Specifically, the update address of the BRHIS 102 is the address BIAR [31:0] of the instruction which has failed in the branch prediction. When the branch prediction has failed, the RTIAR [31:0], the D-COND-BIT and the D-EXPECT-BIT which are the decided information of the branch instruction are registered into the entry of the updating target in the BRHIS 102, as the RTIAR [31:0], the D-COND-BIT and the D-EXPECT-BIT, respectively.
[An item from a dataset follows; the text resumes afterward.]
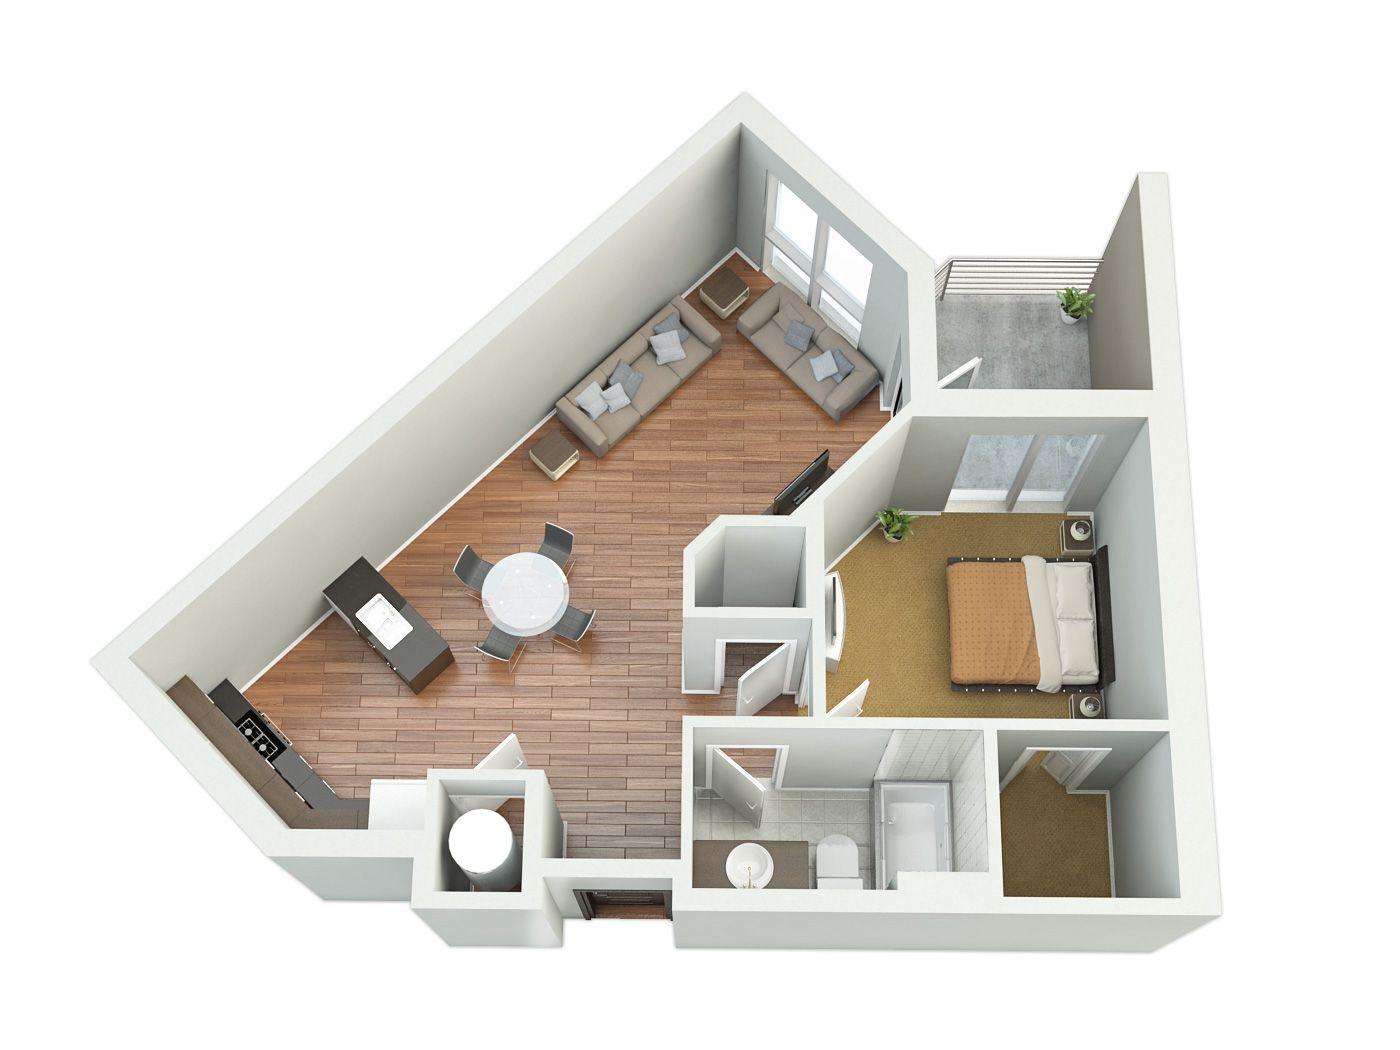 Architectural Design Cost 2d Floor Plan 20 Side Elevation 20 3d Floor Plan 25 Interi Small Apartment Floor Plans Sims House Design House Plans

Moreover, the VALID of the entry of the updating target in the BRHIS 102 is set to “1”.
When the branch prediction has failed, a value of the second GHR 202 which has reflected the computation result of the branch instruction which has failed in the branch prediction is set to the first GHR 101. Thereby, the value which the branch computation has decided is reflected in the first GHR 101, so that the subsequent branch prediction is executed on the basis of the value.
Thus, since at the time of a second instruction fetch, the first GHR 101 and the BRHIS 102 are updated by the value after the branch is decided, it is always possible to execute the branch prediction in a state where there is no gap between the values of the instruction fetch and the branch decision.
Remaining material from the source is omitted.